Finding the Expression for U(x) Under Change of Variables

[Kreizhn]

Homework Statement

Given the equation
[tex] U(\mu) = \frac{2}{\sqrt\pi} \exp\left[ -4\mu^2 \right] [/itex]
find an expression for $\hat U(\hat x)$ given that change of variables
$$x = \frac n2 + \sqrt n \mu, \qquad \hat x = \frac xn$$
and $\hat U$ is the U under this variable transformation.

The Attempt at a Solution

Using the fact that $x= \frac n2 + \sqrt n \mu$ it is easy to re-arrange to find that

[tex] \mu^2 = \frac1n \left(x-\frac n2\right)^2 = \frac{x^2}n - x + \frac n4 [/itex]

dividing by n, we get

[tex] \frac{\mu^2}n = \hat x^2 - \hat x + \frac14 = \left( \hat x - \frac12 \right)^2 [/itex]

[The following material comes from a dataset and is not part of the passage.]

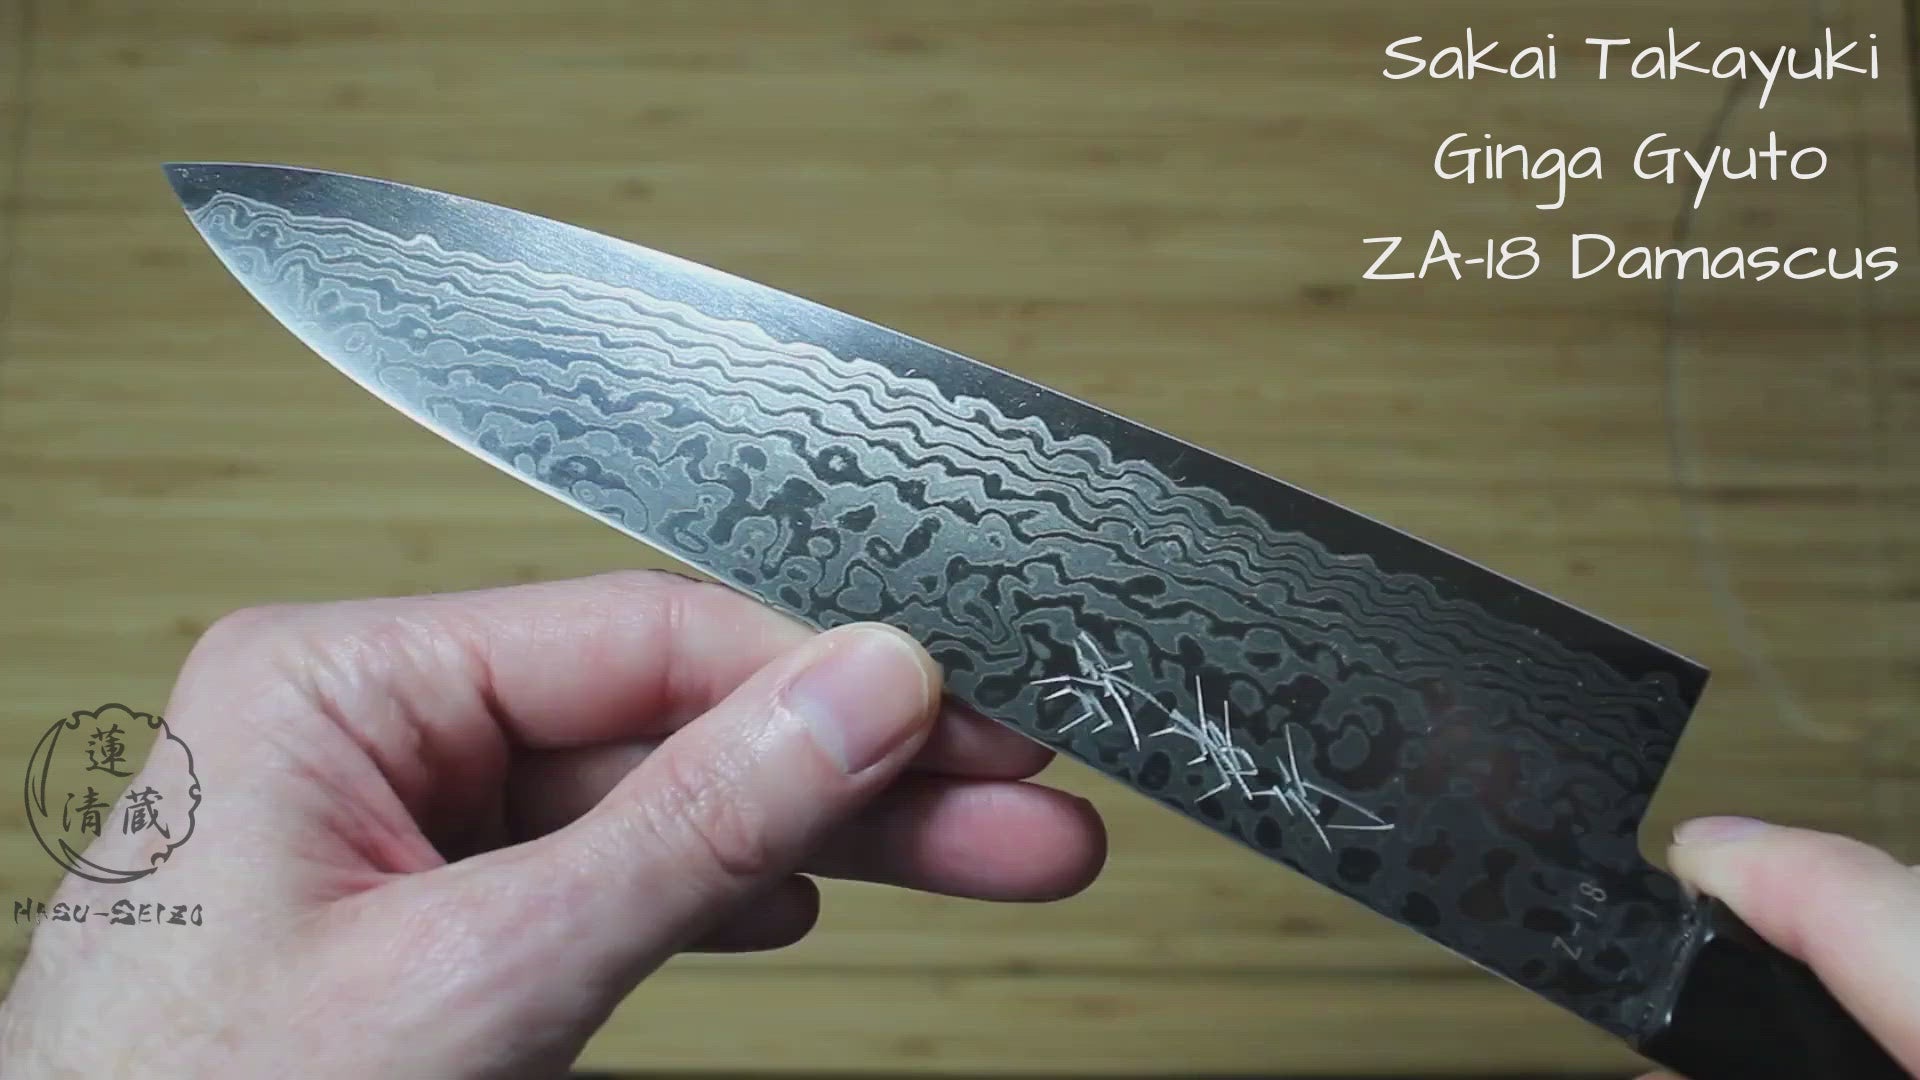 Gyuto Japanese Chef Knife 210mm (8.3") / 240mm (9.4") Damascus 69 Layer -Ginga Sakai Takayuki by Hasu-Seizo

Now I substitute this back into $U(\mu)$ to get

$$\hat U(\hat x) = \frac2{\sqrt\pi} \exp \left[ -4 n \left( \hat x-\frac12\right)^2 \right]$$

The problem is that the solution is supposed to be

$$\hat U(\hat x) = 2 \sqrt{\frac n\pi} \exp \left[ -4 n \left( \hat x-\frac12\right)^2 \right]$$

I can't seem to deduce where the factor of $\sqrt n$ comes up.

 

[Kreizhn]

Nobody? Nothing?